In this study, a novel three-phase six-switch dual input converter is proposed and employed as a rectifier to integrate two variable speed wind turbines based on permanent magnet synchronous generator (PMSG) into the utility grid. The proposed converter is derived by reducing the number of switches of nine switch converter. It is also noticeable that the proposed topology is cost-efficient especially in low power applications, due to the fact that the cost of IGBTs is nearly the same for the average ratings of switches. Utilized control method promises sinusoidal waveforms and obtains unity power factor in generators side. In order to enhance the efficiency of the system, a maximum power point tracking (MPPT) algorithm is also applied. MATLAB/SIMULINK is used as an aid to test the converter and the control scheme.
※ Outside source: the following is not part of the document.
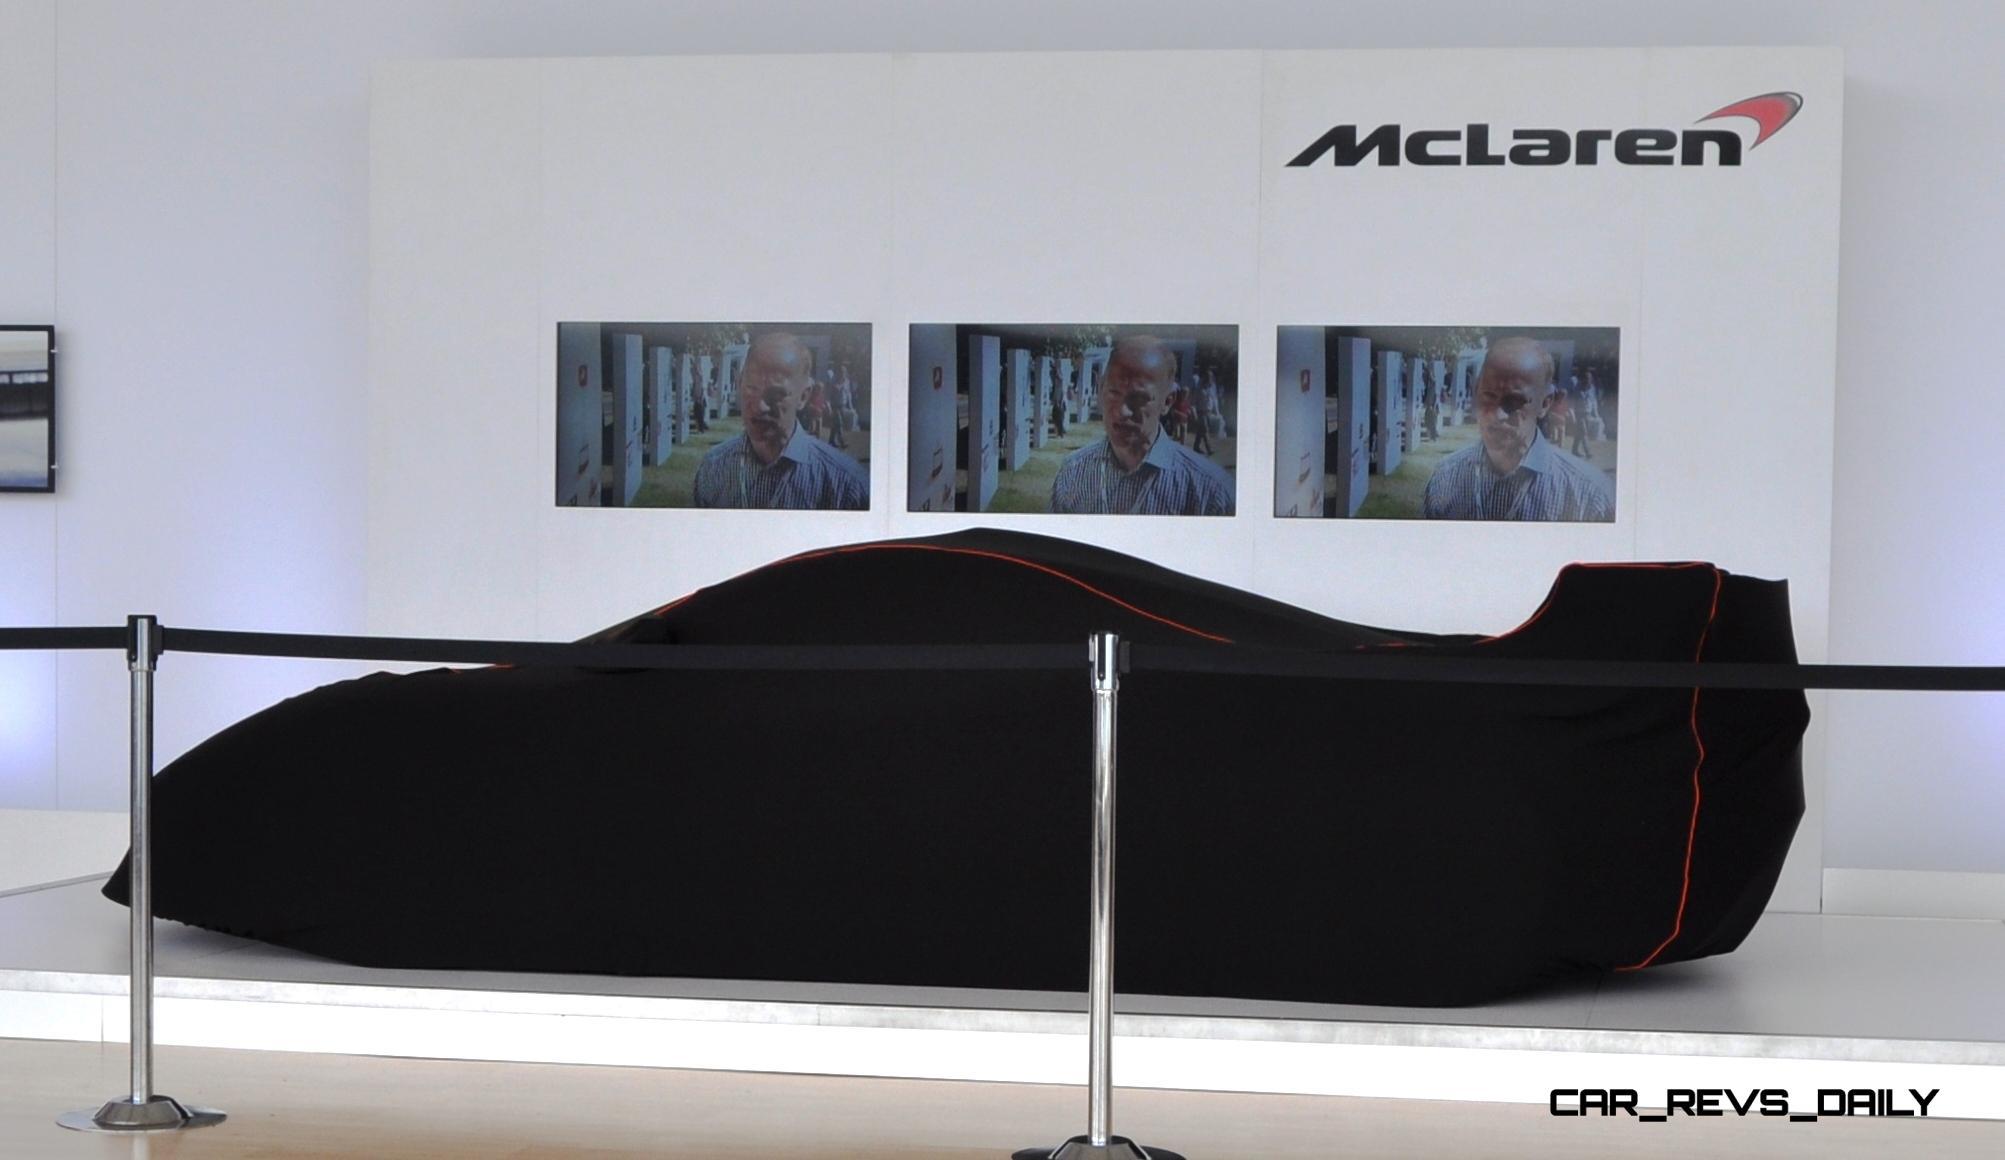 2015 McLaren P1 GTR - Pebble Beach World Debut in 55 High-Res Photos 1
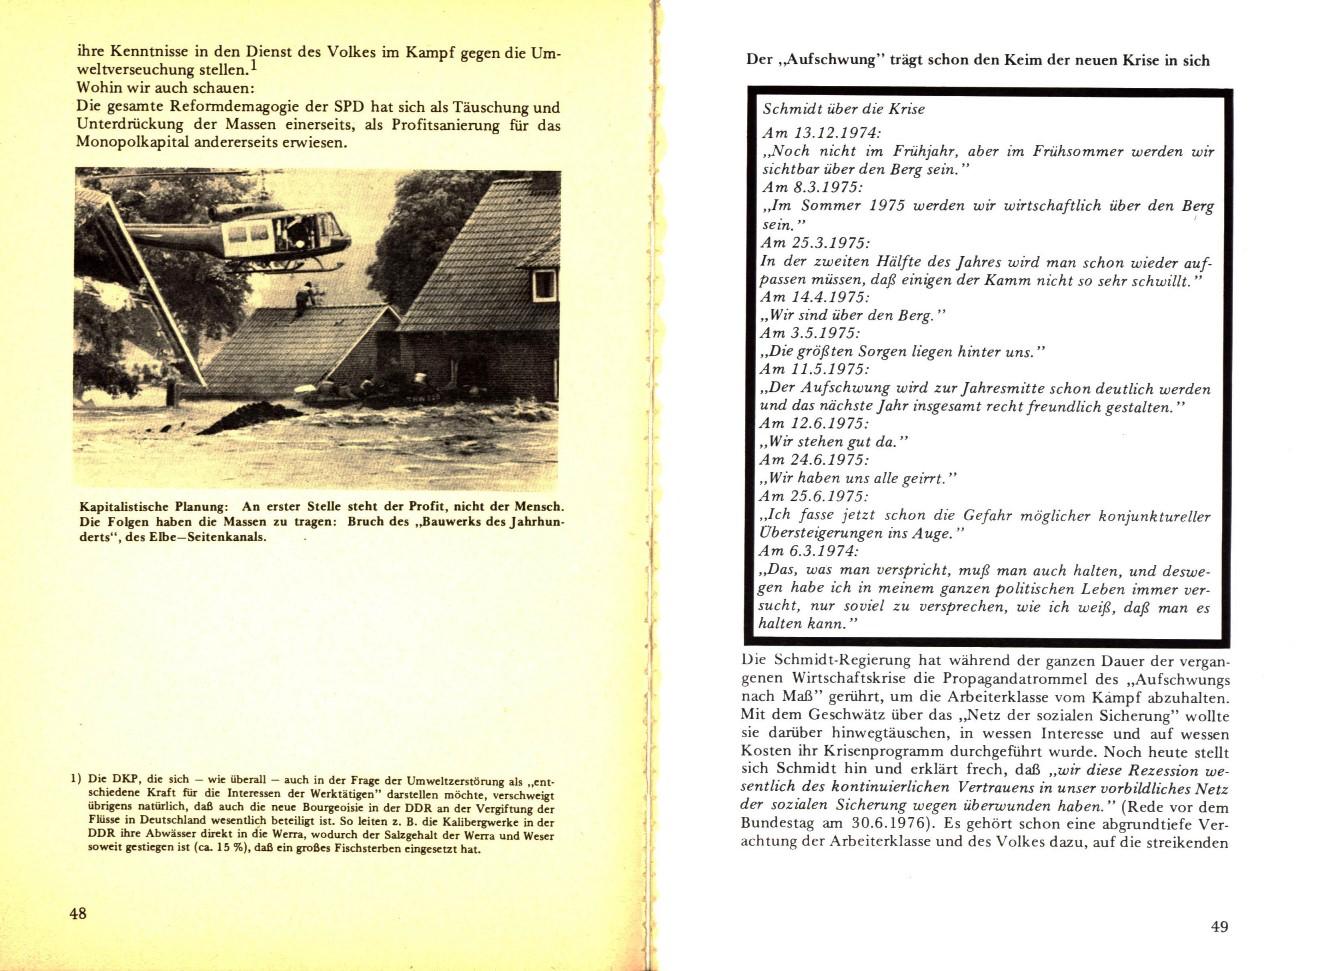 KPDAO_1976_Agitationsbroschuere_zur_BTW_26

Moreover, an experimental prototype of the proposed rectifier is implemented so as to evaluate analysis, control method and simulation results.

Suggested Citation

  • Ajami, Ali & Alizadeh, Rana & Elmi, Mahdi, 2016. "Design and control of a grid tied 6-switch converter for two independent low power wind energy resources based on PMSGs with MPPT capability," Renewable Energy, Elsevier, vol. 87(P1), pages 532-543.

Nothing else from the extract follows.